In the Katholikon of the Monastery, in the wood-carved iconostasis, to the left of the Oraia Pili, the despotic icon of Panagia (Virgin Mary) Hozoviotissa holding infant Jesus (Vrefokratousa) or Glykophilousa, also known as Mavromata, but also as Ktitorissa and Taxidiotissa (late 14th century). It is the living testimony of the local oral tradition about the origin of the icon from Khozovo, Palestine. This is the Palladion of the Monastery, which is part of the procession on the island every year, throughout the Bright Week. It had a silver cover, probably of the 17th century, with the inscription ” ΧΩ ΧΩΖΗΒΙΤΙCA ΜΡ (Μήτηρ) ΘΥ (Θεού)”. The iconostasis also contains an icon of Jesus, Panagia (Virgin Mary) Portaitissa, also known as Theotokio or Mikri Panagia (Virgin Mary) that arrived here from Mount Athos, and Panagia (Virgin Mary) Vrefokratousa of Spiliani, also known as Samiotissa, due to her origin from the glebe (Metochi) of Panagia (Virgin Mary) Spiliani in Samos.

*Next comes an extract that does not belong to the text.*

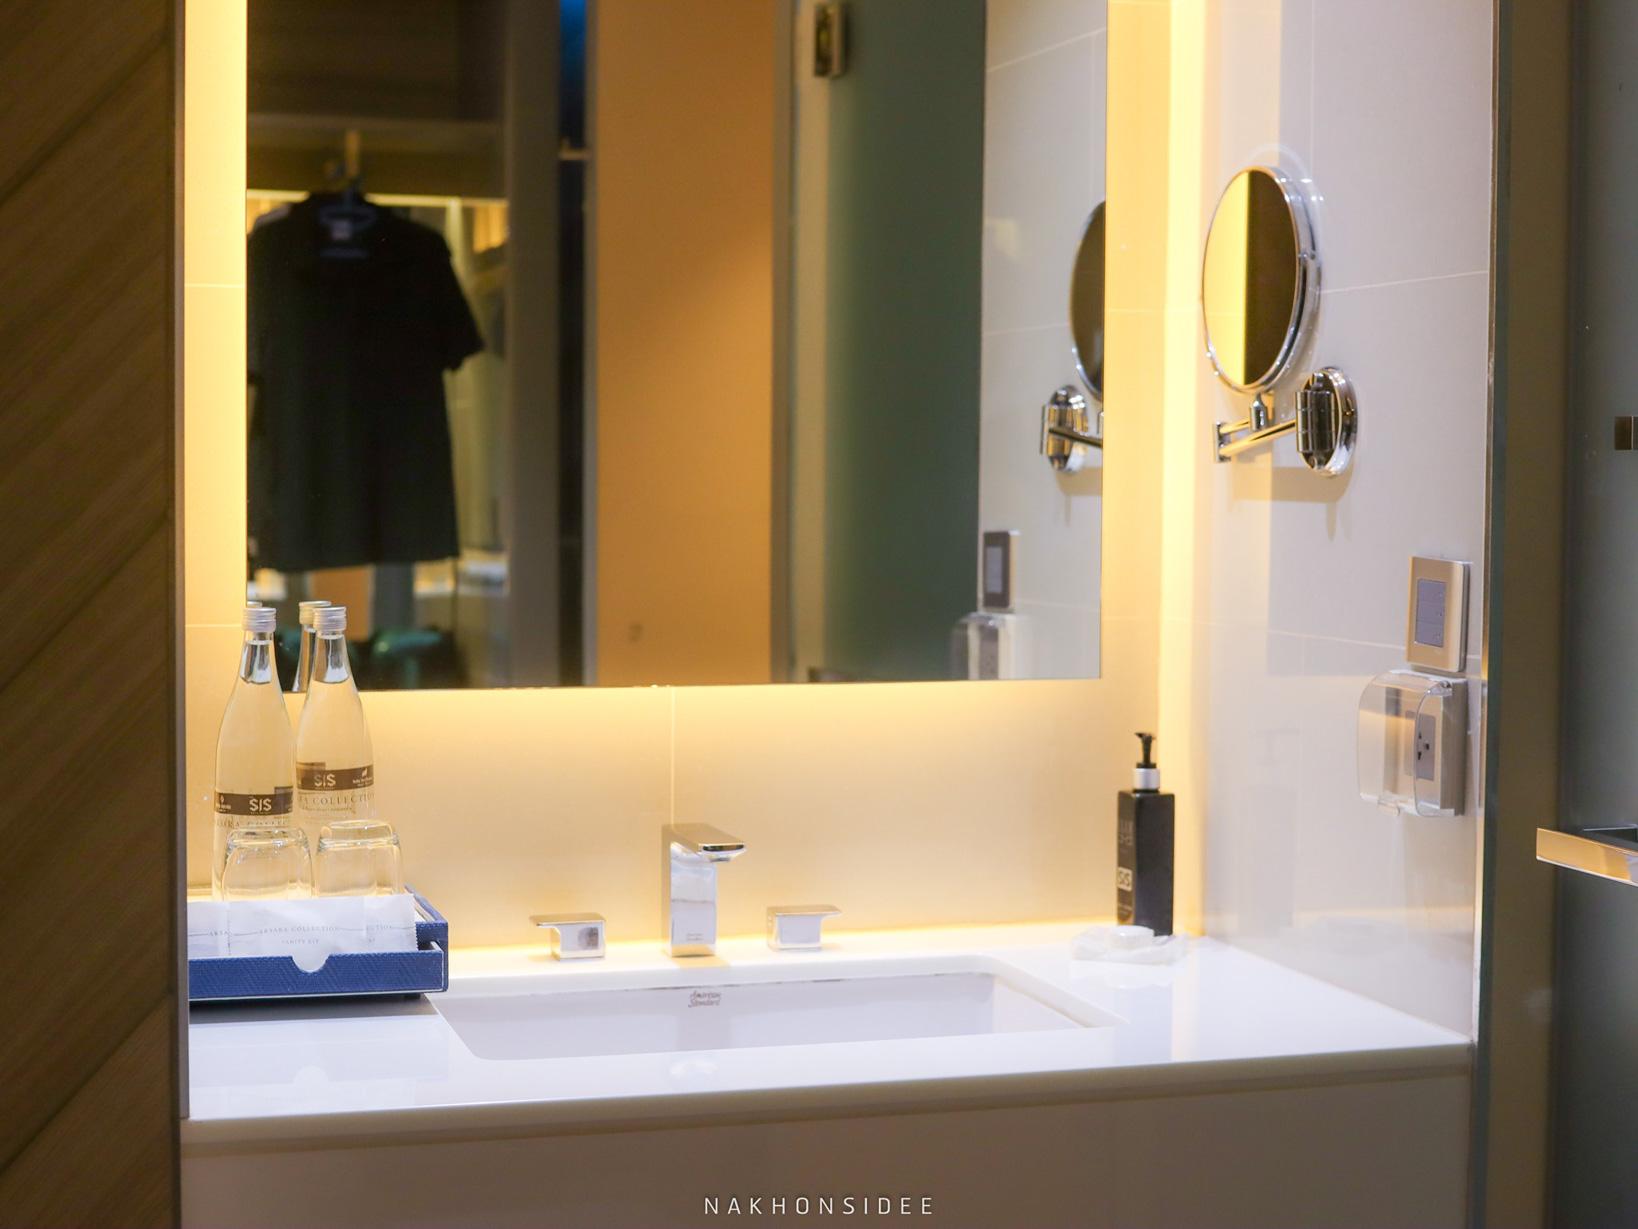 ห้องน้ำและโซนอ่างล้างหน้า-คือดีย์-ถ่ายกับกระจกก็สวยนะ  thesis,kata,ที่พักภูเก็ต,phuket,หาดกะตะ,เดอะซิสภูเก็ต

The icon of Agios Georgios Balsamitis (second half of the 14th century), from the homonymous church, glebe (Metochi) of the Monastery, is also located there. Finally, in the Katholikon, the pilgrim will see the iron chisel of the master builder, a living sign of the narration for the exact place that Panagia (Virgin Mary) appointed in order for her church to be built, as well as the silver inscribed hexapterygon of 1682.
The Exhibition of Ecclesiastical Relics is also housed in the Sacristy of the Monastery.
Means of access:
TRADITIONAL PATH: "Palia Strata" Route
Chora – Monastery of Hozoviotissa- Kapsala – Asfontylitis – Potamos – Cove of Aegiali
Starting Point: "Kalogerikos" Point in the Chora.
Morning hours: 08:00-13:00.
August 6th closed: Celebration at the Glebe (Metochi) in the Chora.
Guests should be properly dressed, men in trousers and women in skirt-blouse.